Eventually, they managed to identify one of the Shadowcrew's top site administrators, arresting him in secret. With surprisingly little coercion, Peretti said, the admin gave investigators access to the site, allowing them to get the goods on the entire network.

"In the end," Peretti said, "we were running the site, so we were collecting all the data on who was buying and who was selling for a good six months."

In total, 100 PCs were seized and 28 people arrested, 21 scattered across the U.S. and seven others in Europe and Russia. Peretti said the individuals are likely responsible for at least $5 million in fraud, with some facing up to 3-5 years on credit card, identification and Internet fraud charges. This week six of the suspects pleaded guilty to conspiracy to commit fraud, and will be sentenced early next year.

But more importantly, she said, Operation Firewall has served as a huge deterrent because investigators obliterated Shadowcrew's trusted network of thieves.
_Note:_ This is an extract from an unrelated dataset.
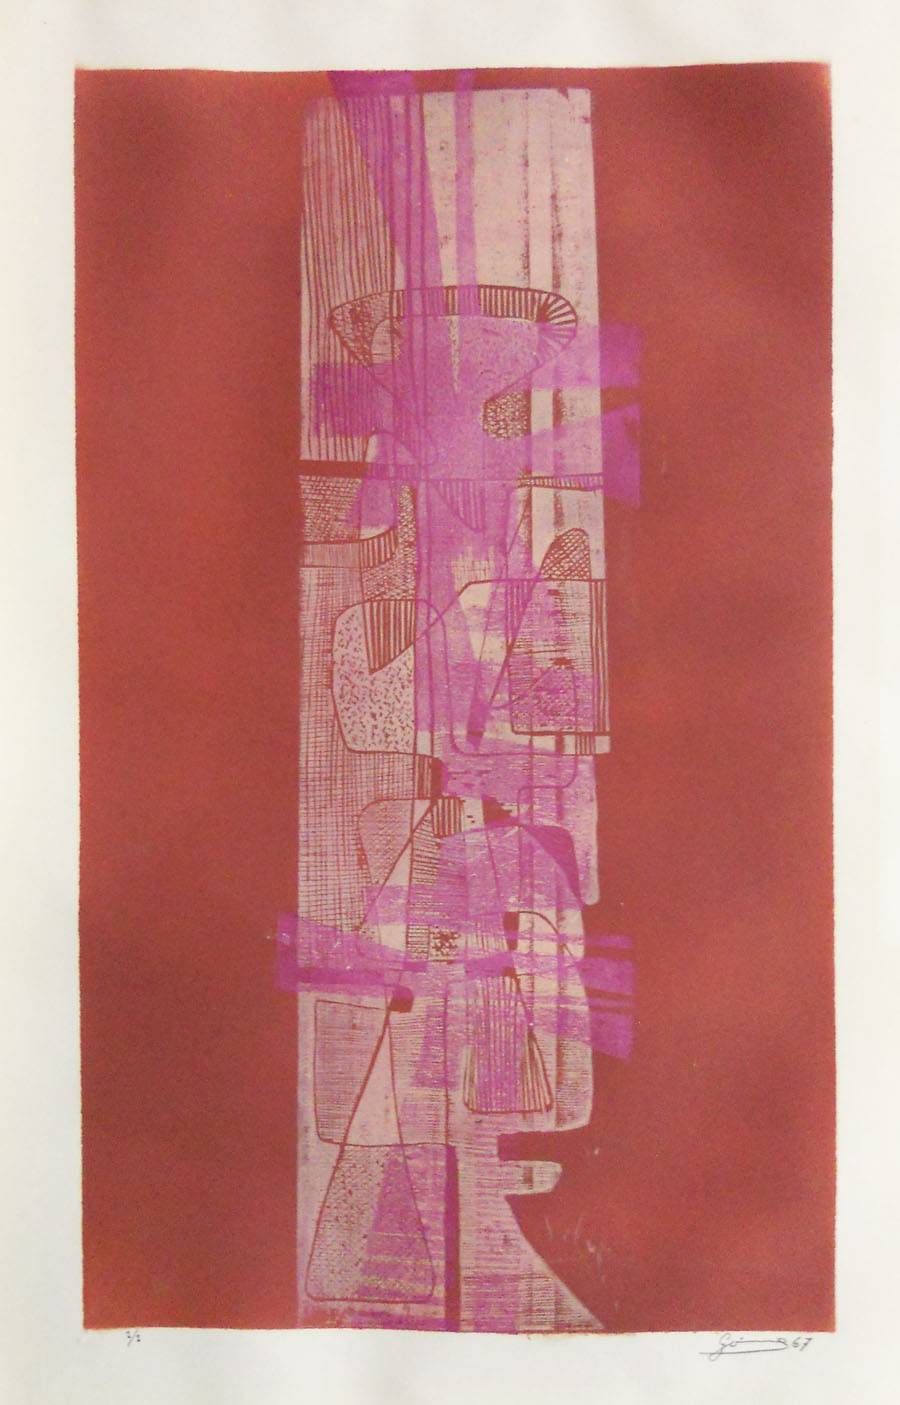 XXXVIII, 1967. Francisco Gómez Arballo (1938). Xilografía.  52 x 30 cm. Nº inv. 3031.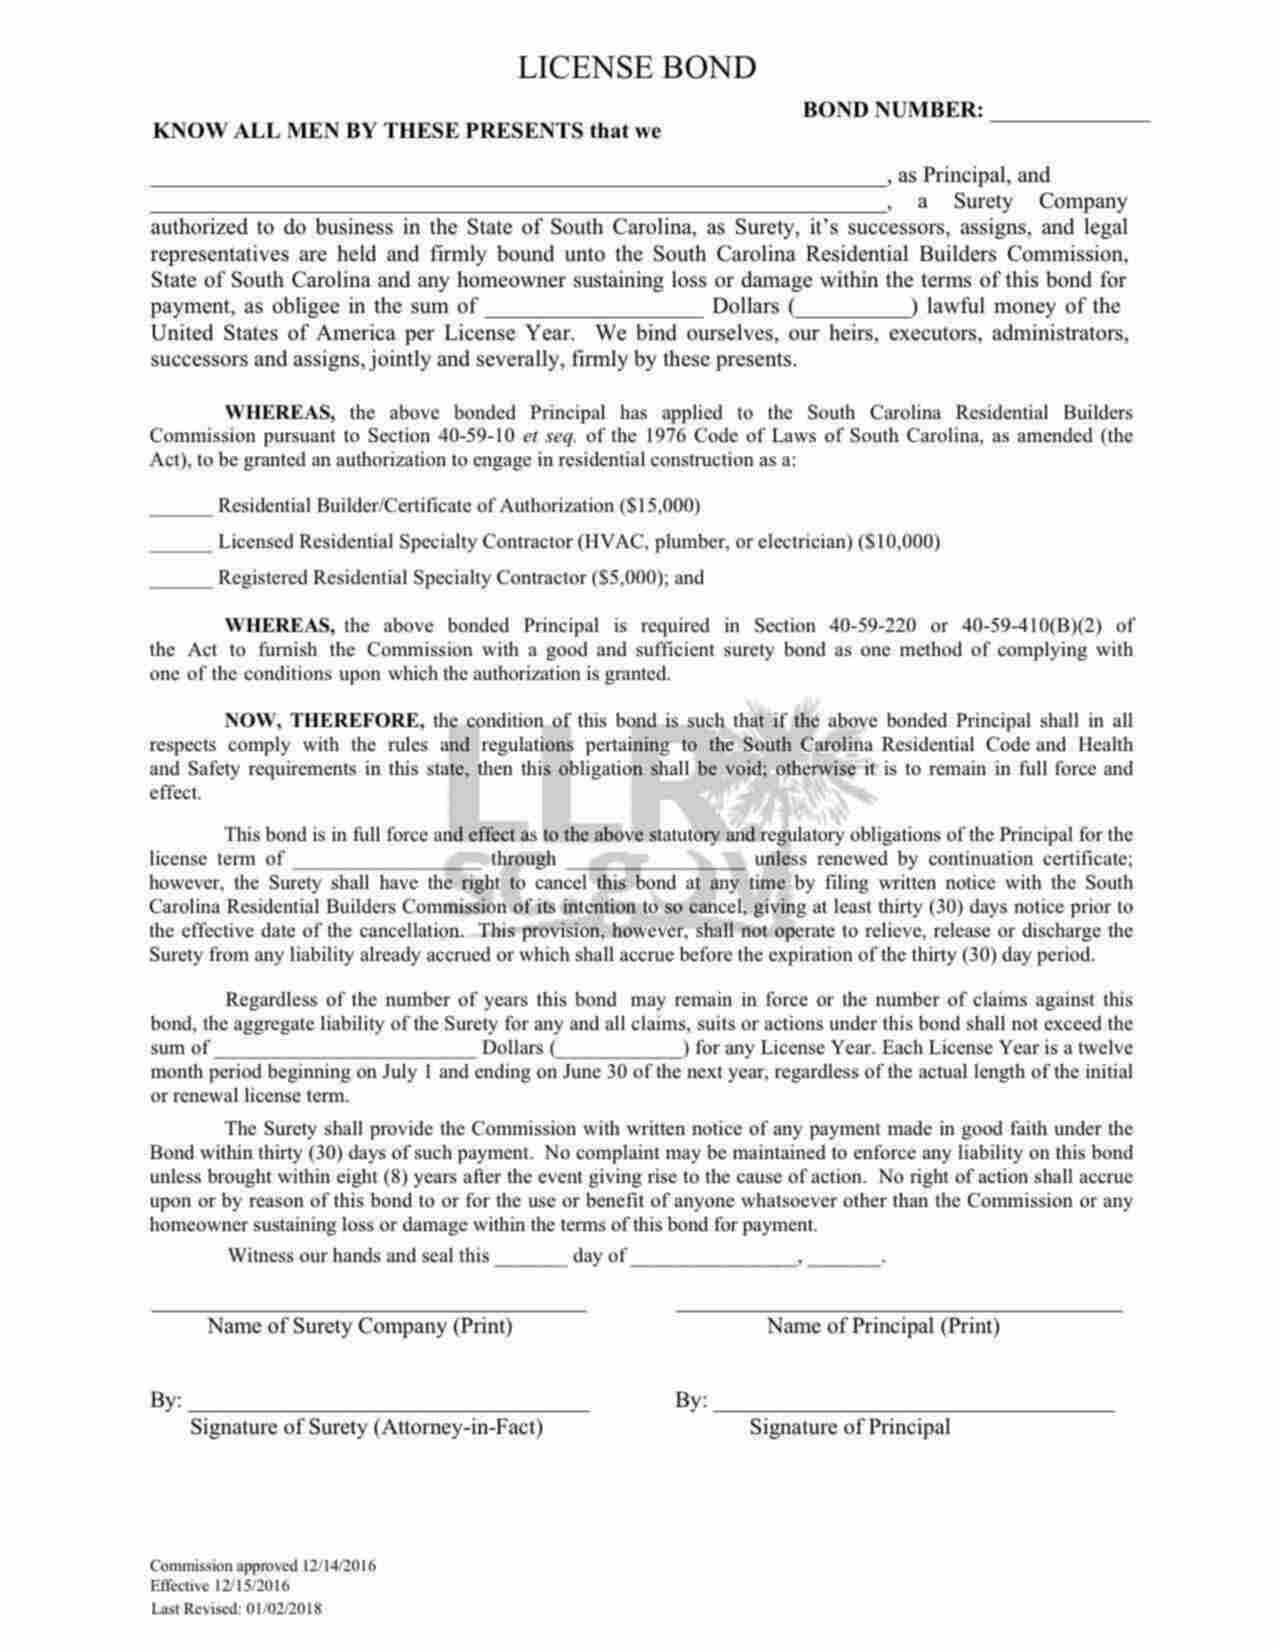 South Carolina Residential Builder/Certificate of Authority Bond Form

"Everyone else pulled back," Peretti said, "because we arrested and worked with someone who was a top-level member of this organization. So now they're much more untrusting."

And even more busts may be in the works. Peretti said that in addition to her Washington-based group, there are now one or two attorneys focusing on cybercrime in each of the DoJ's more than three dozen local offices throughout the nation.

"The message we want to send to the online criminals out there was 'you guys aren't invincible,'" Peretti said.